Multi-threaded unquantifiable tasks

Hi there!

I'm currently writing a tool that I'll call 'rsync-like' just so my case is clearer (it's not really like rsync but it's easier to understand that way).

Concretely, I have a function which lists all the items in a SFTP directory (which takes time, as the command must be sent to the server, computed and then retrieved). This is extremely slow on one thread, so I'd like to multi-thread it.

The problem is that I don't really know how to handle it. When the function gets called, it only treats one folder. Then while iterating it discovers other ones, so it calls itself recursively with these ones' path, and so on.

I've tried using a system where I spawn a thread for each sub-directory, and at the end of the function all same-level items are added to a Mutex<Vec<ItemData>>. Problem, this is even slower, as I have to spawn a new thread for each directory in the SFTP storage. It would probably be slow even with a task execution like Tokio.

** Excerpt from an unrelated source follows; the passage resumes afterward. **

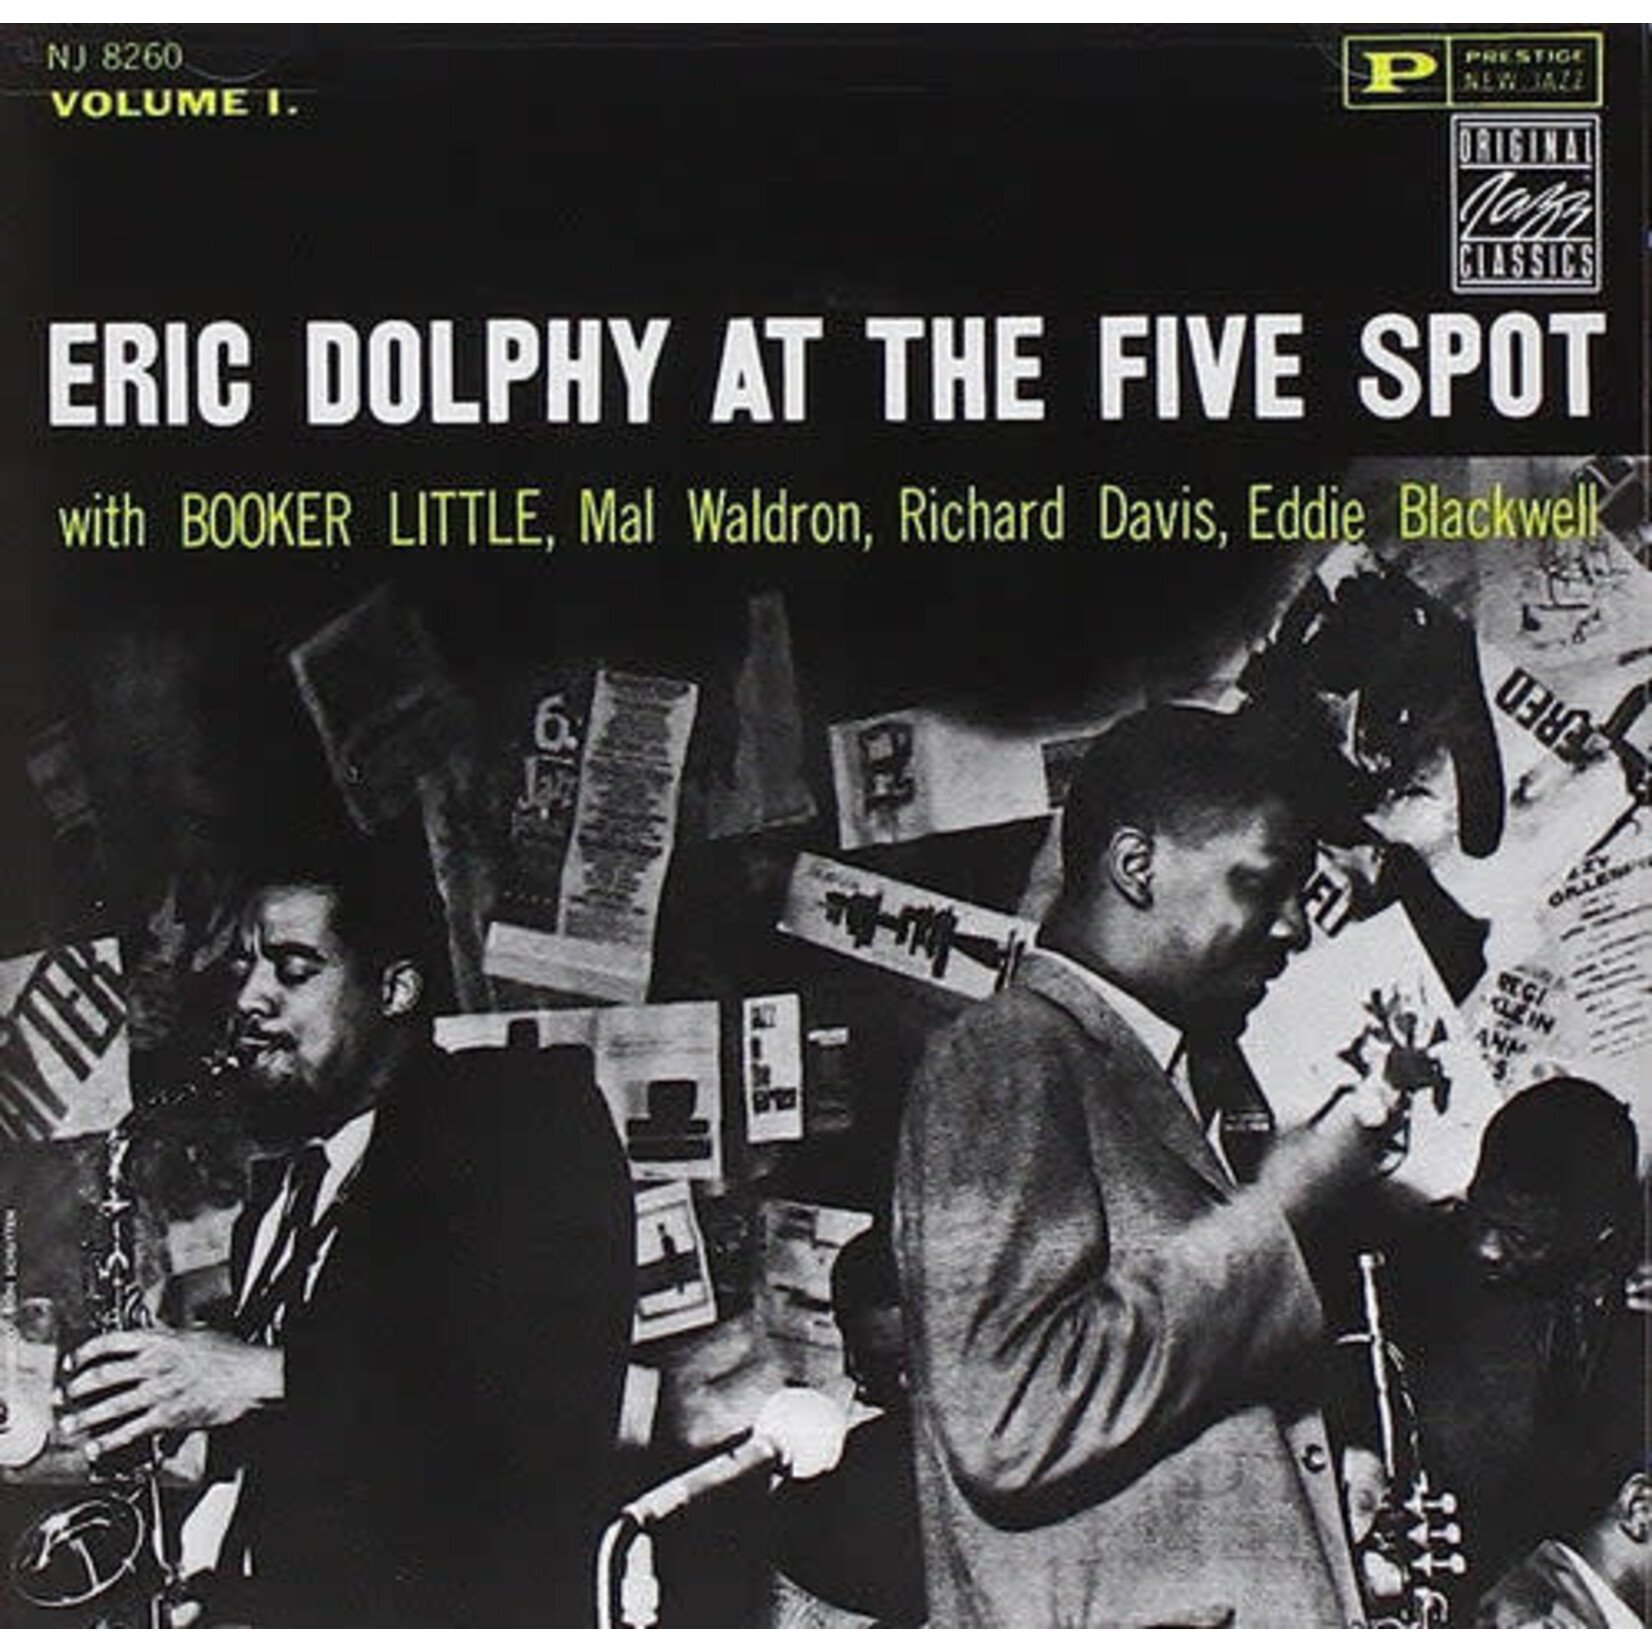 [New] Eric Dolphy - At The Five Spot, Volume 1 (clear vinyl)

Do you have any idea on how to do this? It's surely possible as many tools do it (RClone or FreeFileSync to name a few) but I have no idea how to do it...

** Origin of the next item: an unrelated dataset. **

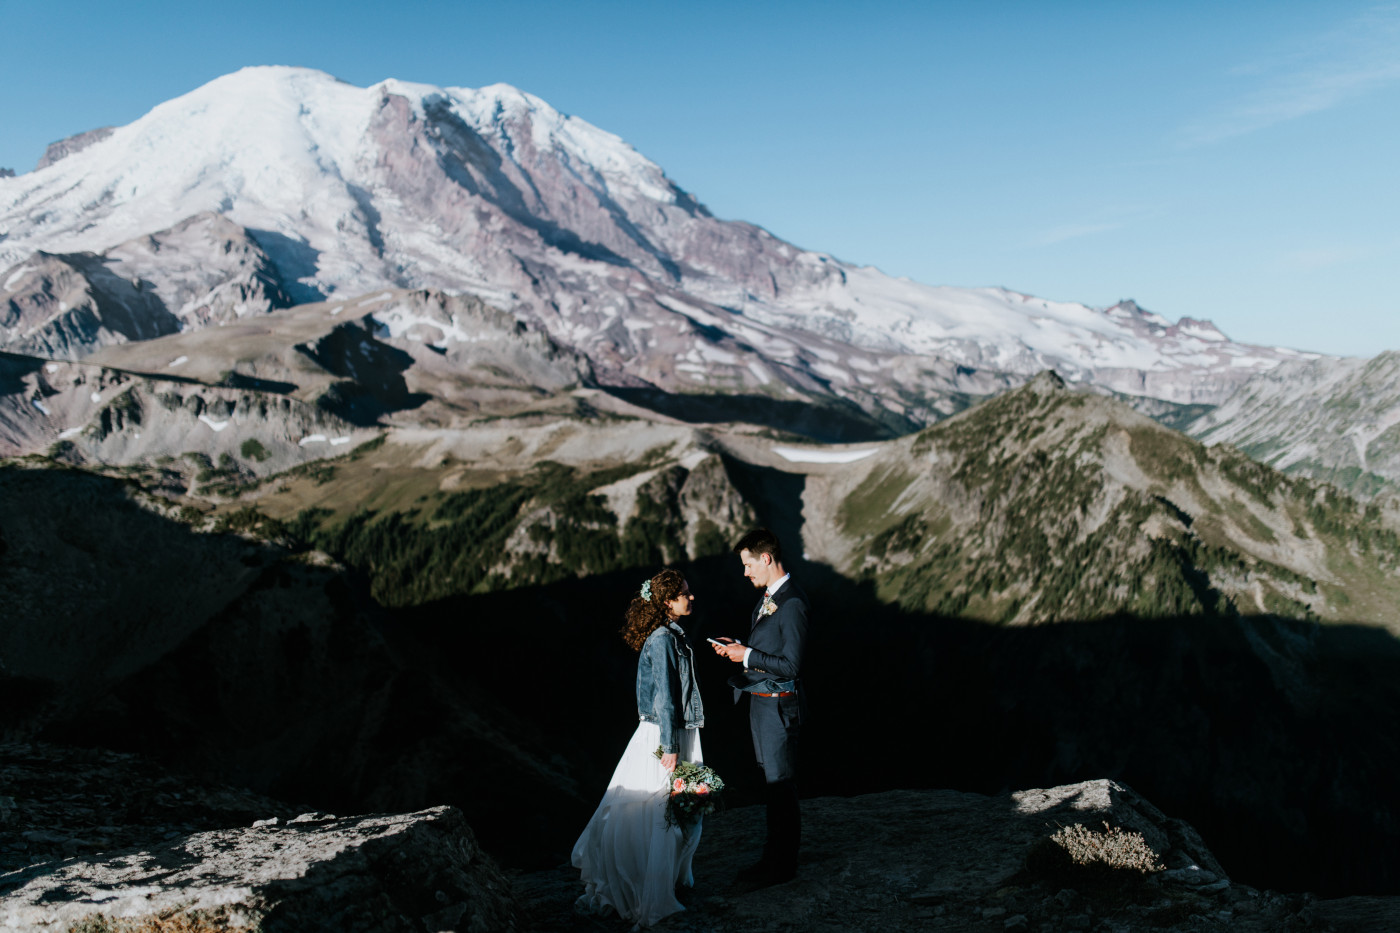 Chad and Tasha during their elopement with a view of the waterfall in the background. Elopement photography at Mount Rainier by Sienna Plus Josh.

Thanks in advance for your help!

Broadly the answer to how this kind of threading problem is solved is: Create a message queue/channel (crossbeam has some types meant for this kind of thing, though I haven't tried using it this way). When you discover new work, put it on the queue. Each worker thread takes items from the queue when possible. Instead of a recursive (depth-first) algorithm using the stack, everything goes on the queue (and will tend to execute breadth-first).

It might also be even easier to use rayon's thread pool scheduling, starting with rayon::scope. That way you don't have an explicit message queue; just “please run this closure when there's some capacity to do so”.

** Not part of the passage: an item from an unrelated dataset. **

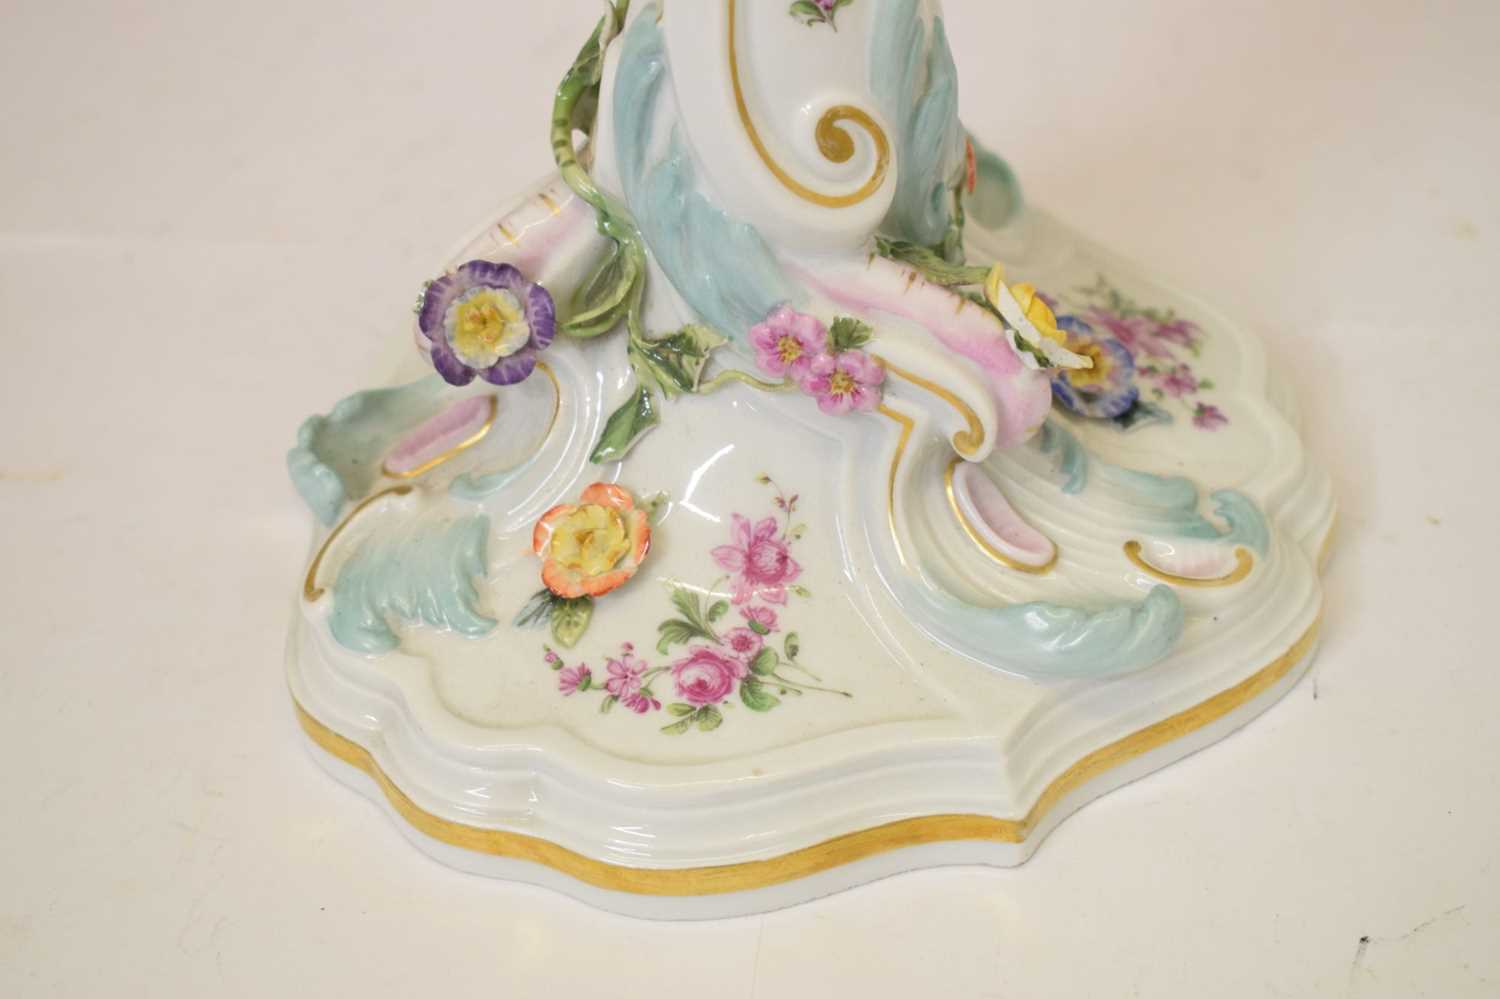 Late 19th/early 20th century Meissen porcelain candlestick - Image 8 of 9

However, since this is an IO-heavy problem you should probably start with the assumption that using tokio will work better than engineering your own threads. It might even be the case that you want multiple tasks using multiple connections to the server, but do not need multiple threads at all (because they are spending most of their time waiting for network responses, not using the CPU).

You should also be thinking about how you manage your connections to the server — probably opening a small number of connections (independent of the number of work items), like HTTP clients do, if you are not doing that already.

2 Likes